Yes, smooth legs are wonderful. I have a Braun Silk Epil that does a great job of keeping mine smooth.


----------



## Kazooie (Jul 16, 2012)

Jaemie said:


> "Mie" is a girl's name in Japan, pronounced mee-eh. It's also one of my nicknames, from the last part of Jae*mie*. So, I was like, "Hey, a thread about my leg!"  *derp*
> 
> Anyway..
> 
> Yes, smooth legs are wonderful. I have a Braun Silk Epil that does a great job of keeping mine smooth.

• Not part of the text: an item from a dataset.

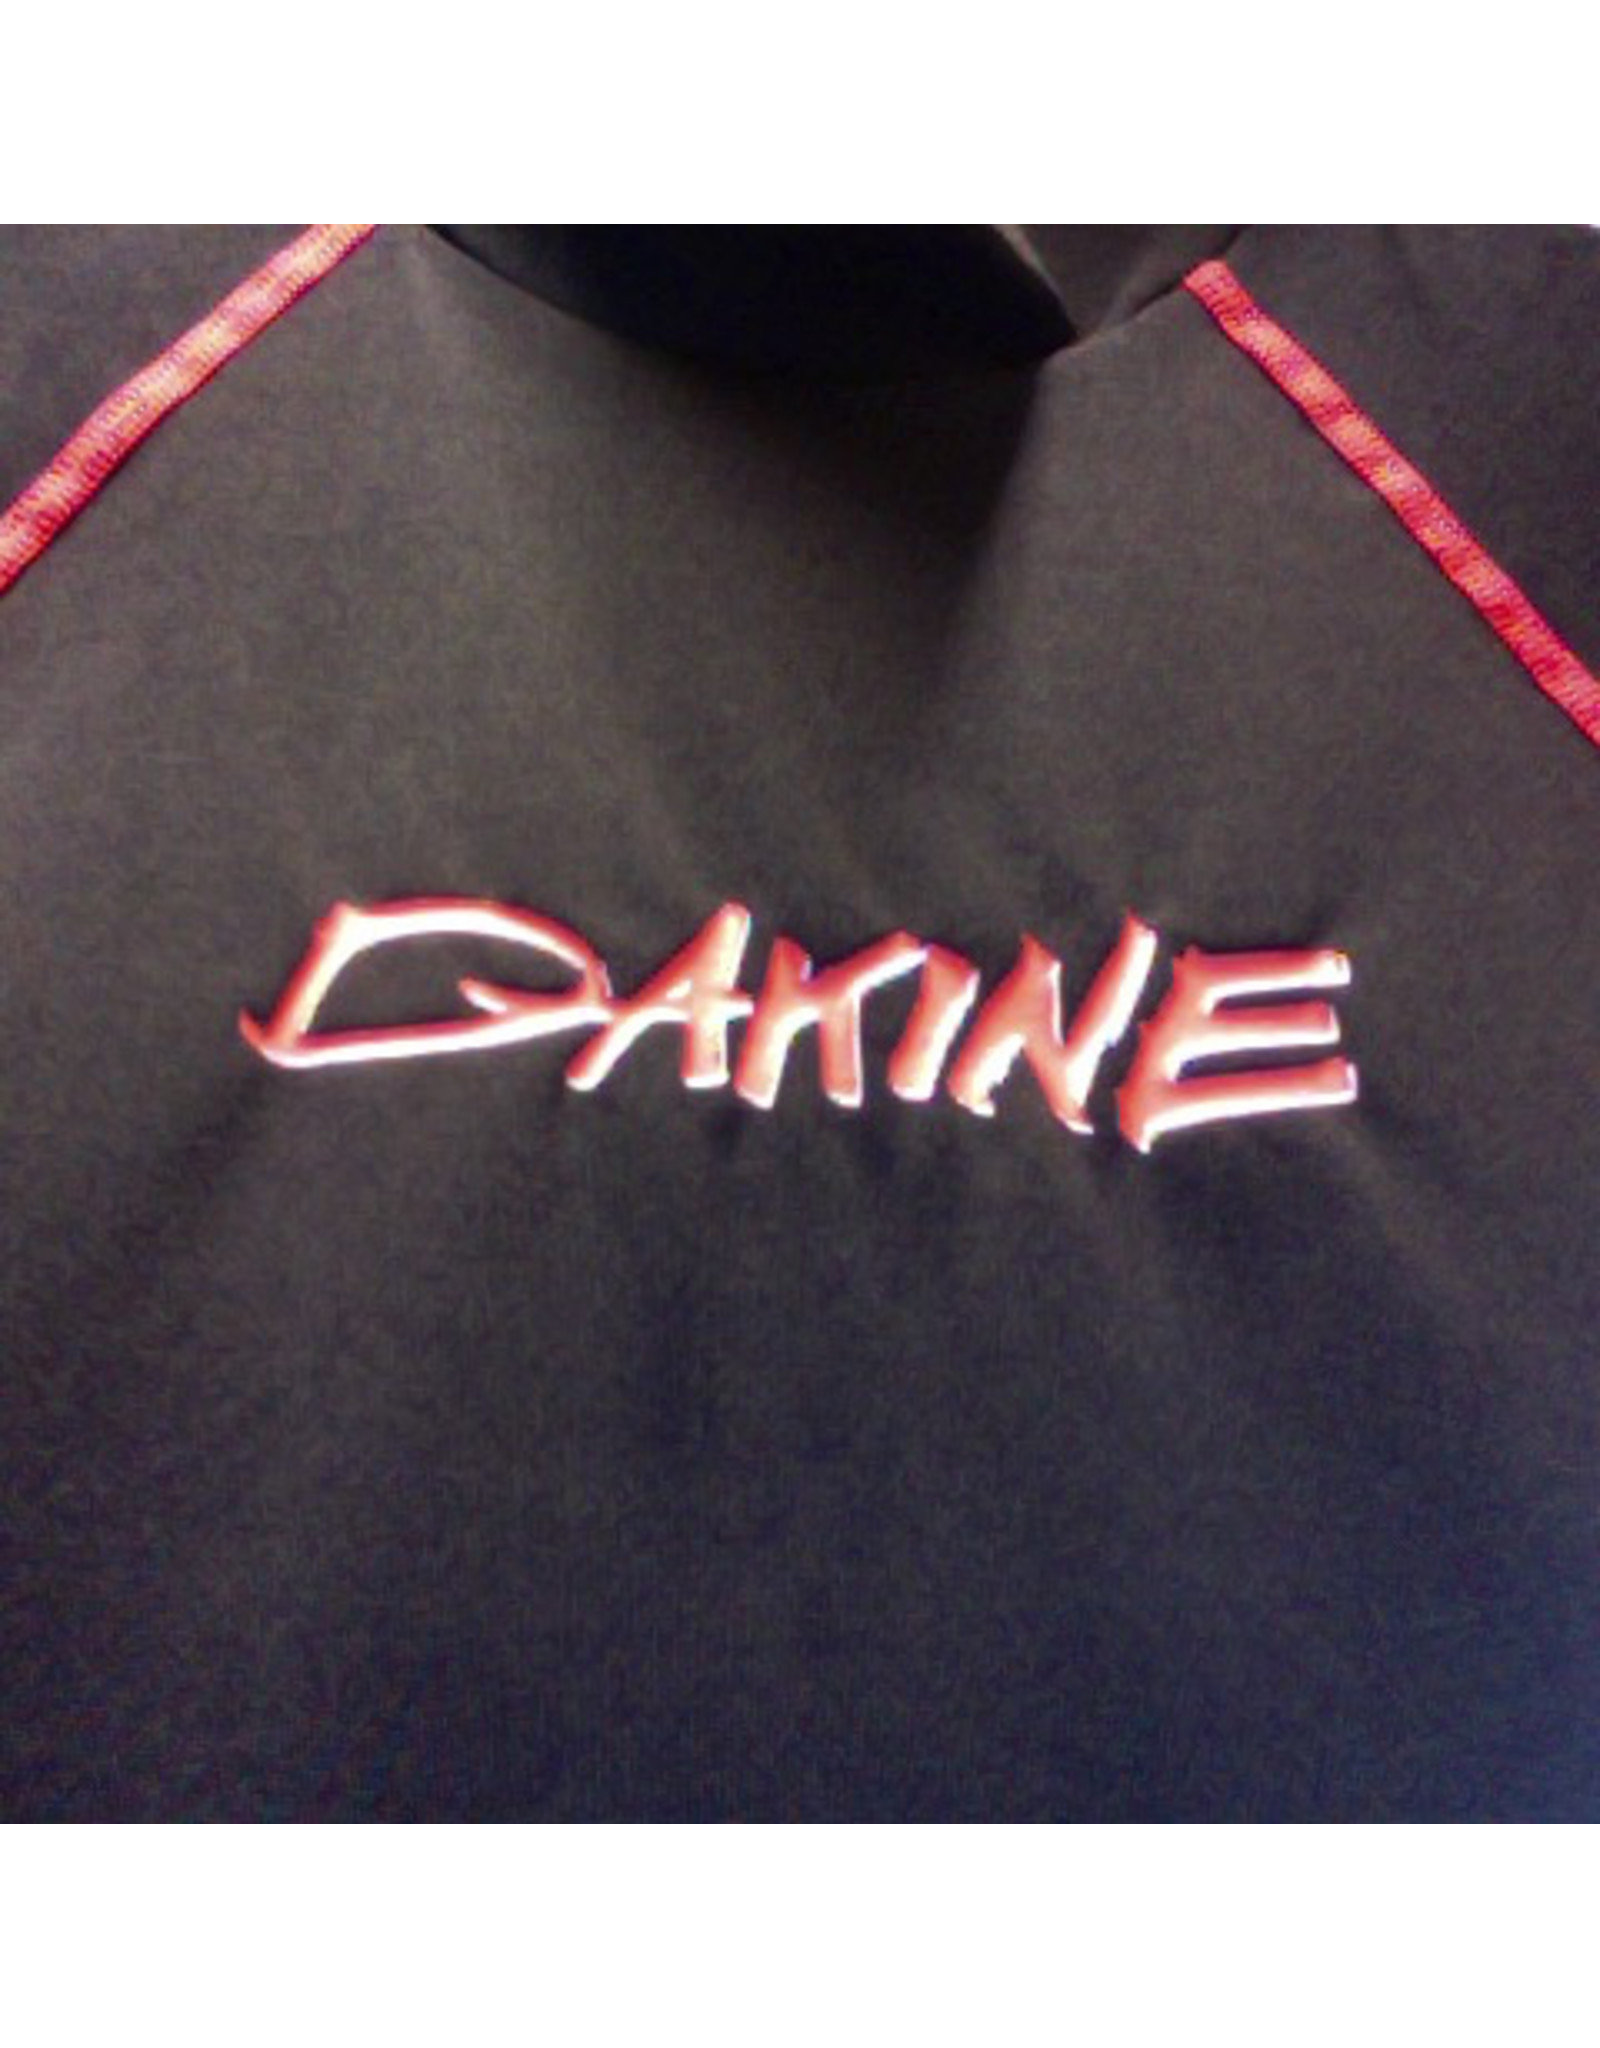 Dakine Dakine - Boys Surf Shirt, Black, 6 år
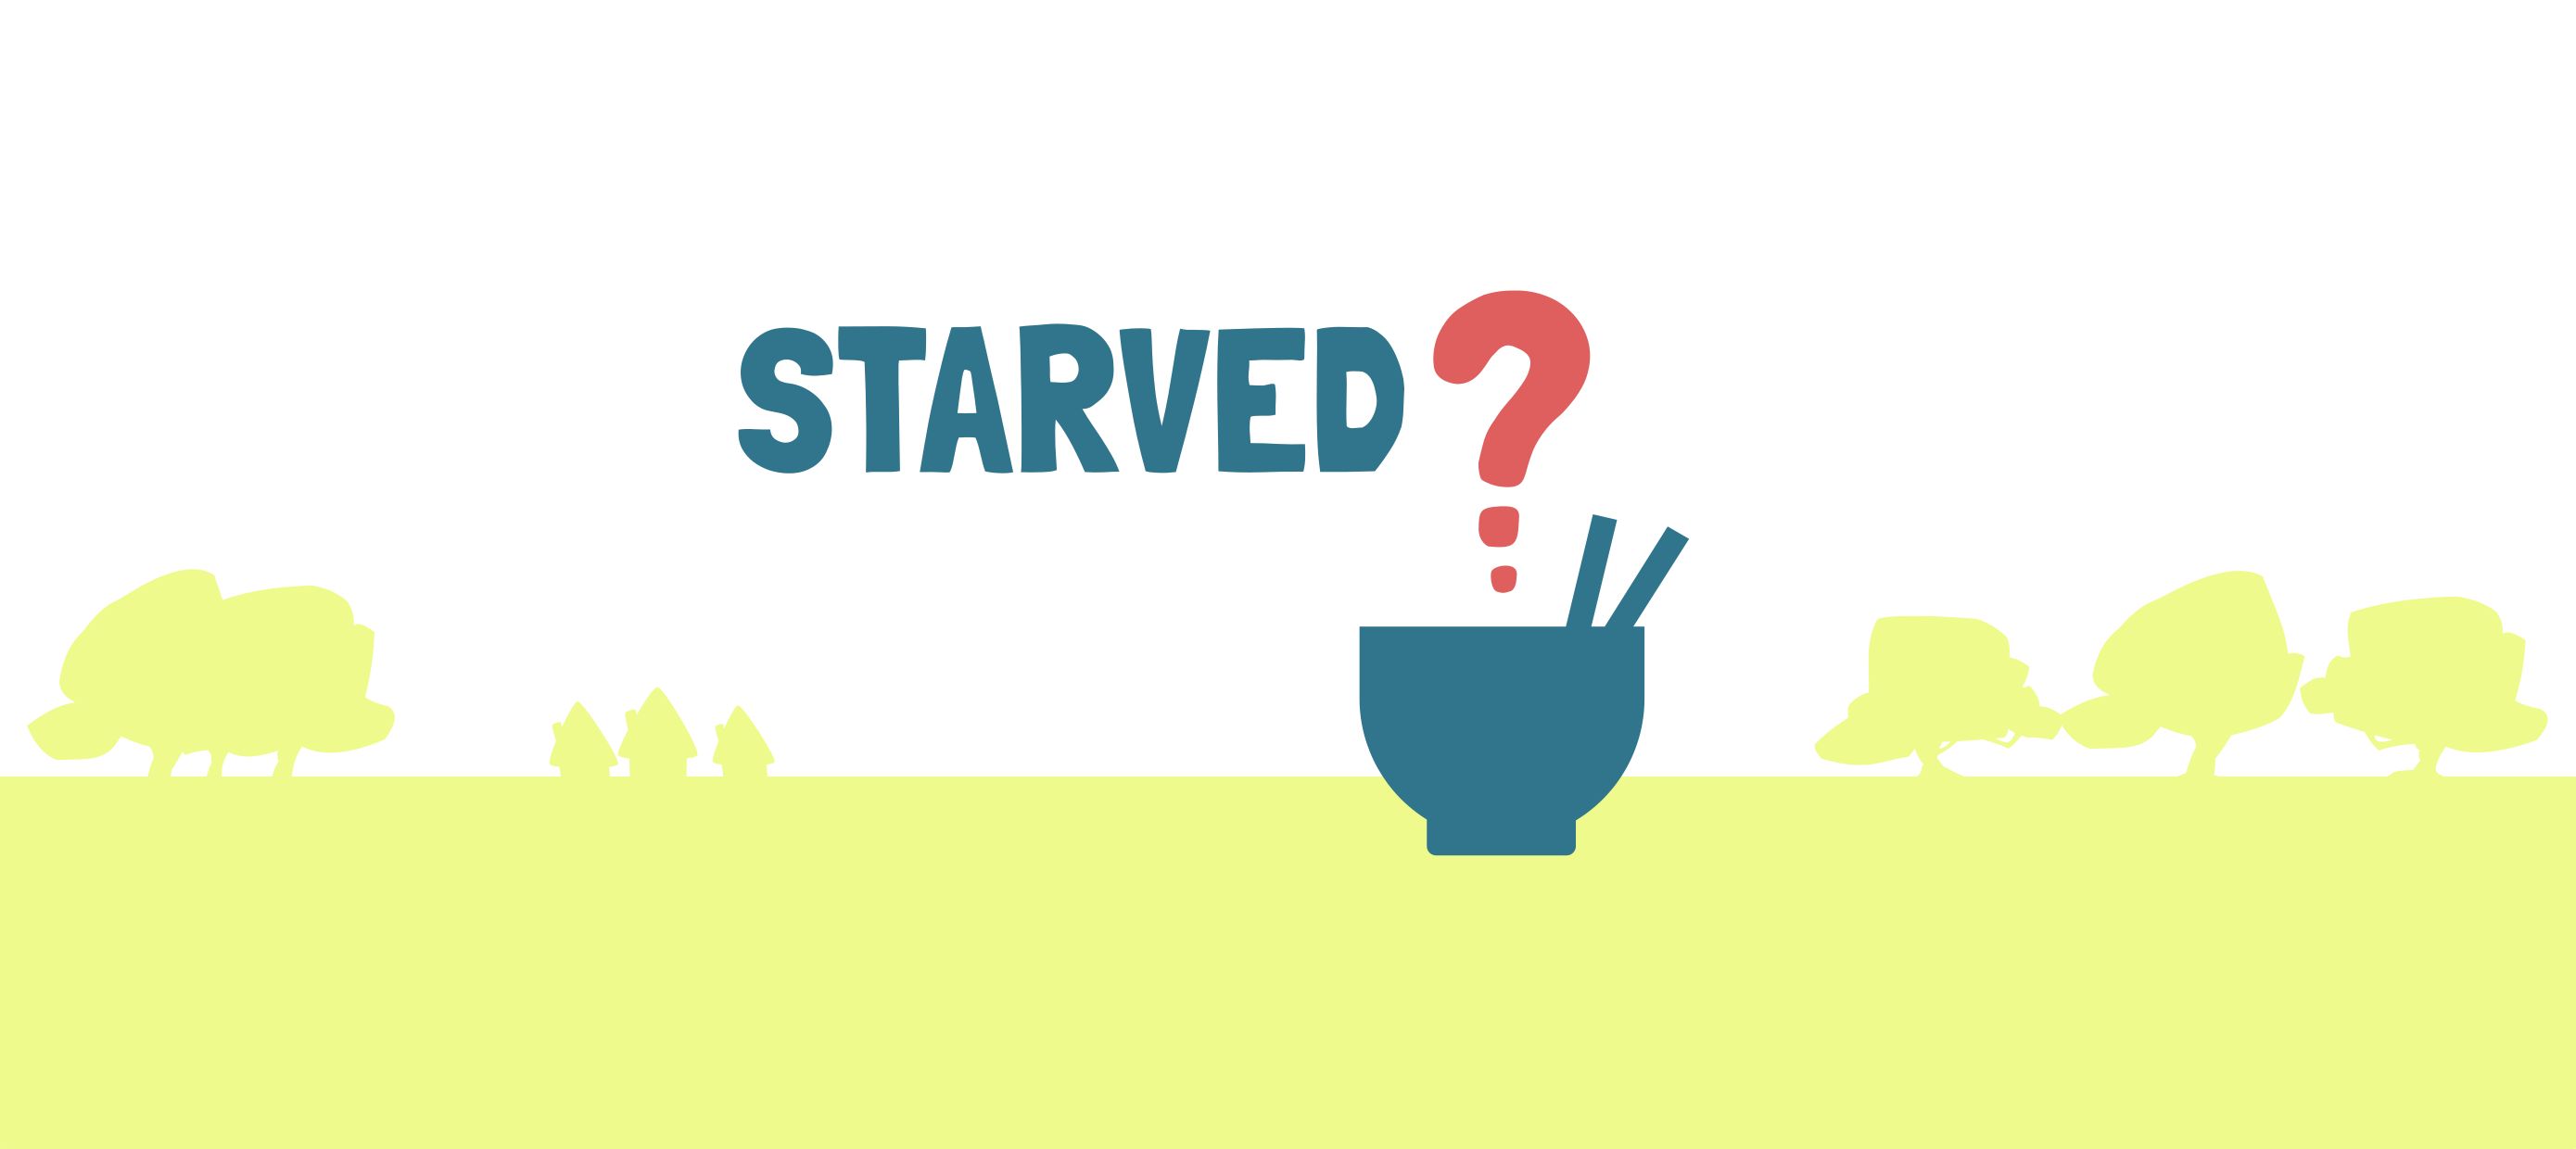 Starved?

 Sorry, can't creep on you're legs from here! Lucky!-_- I had to use a razor blade (for tools) and some water. Got probably close to 8 nicks. And my other leg has a patch of longer hair that I can't get all off.


----------



## Compaq (Jul 16, 2012)

The smoothest leg comes from a good shave. Buy traditional gear, it's much better than that venus crap. 

Seriously


----------



## Jaemie (Jul 17, 2012)

Kazooie said:


> Sorry, can't creep on you're legs from here!



Rats!


----------



## Jaemie (Jul 17, 2012)

Compaq said:


> The smoothest leg comes from a good shave. Buy traditional gear, it's much better than that venus crap.
> 
> Seriously



I've found that either waxing or elipating, with that Braun or similar, results in the smoothest legs, simply because both techniques remove the hair with the root. Shaving, no matter how close, inevitably leaves stubble. Now go wax your legs and report back!


----------



## Kazooie (Jul 17, 2012)

Jaemie said:


> Compaq said:
> 
> 
> > The smoothest leg comes from a good shave. Buy traditional gear, it's much better than that venus crap.
> ...



Oh yeah, caus I can tots go ans ask my mom to get me stuff to wax my legs.


----------



## JoshuaSimPhotography (Jul 17, 2012)

CONGRATZ Jamie! 1000 post! TPF junkie!


----------



## Jaemie (Jul 17, 2012)

JoshuaSimPhotography said:


> CONGRATZ Jamie! 1000 post! TPF junkie!



Thanks!   Woot!!! I'm an addict.


----------



## Jaemie (Jul 17, 2012)

Kazooie said:


> Oh yeah, caus I can tots go ans ask my mom to get me stuff to wax my legs.



 

$7.99  Just go to your local Walgreens or RiteAid. Sally Hansen Hair Remover Wax Strip Kit | Walgreens


----------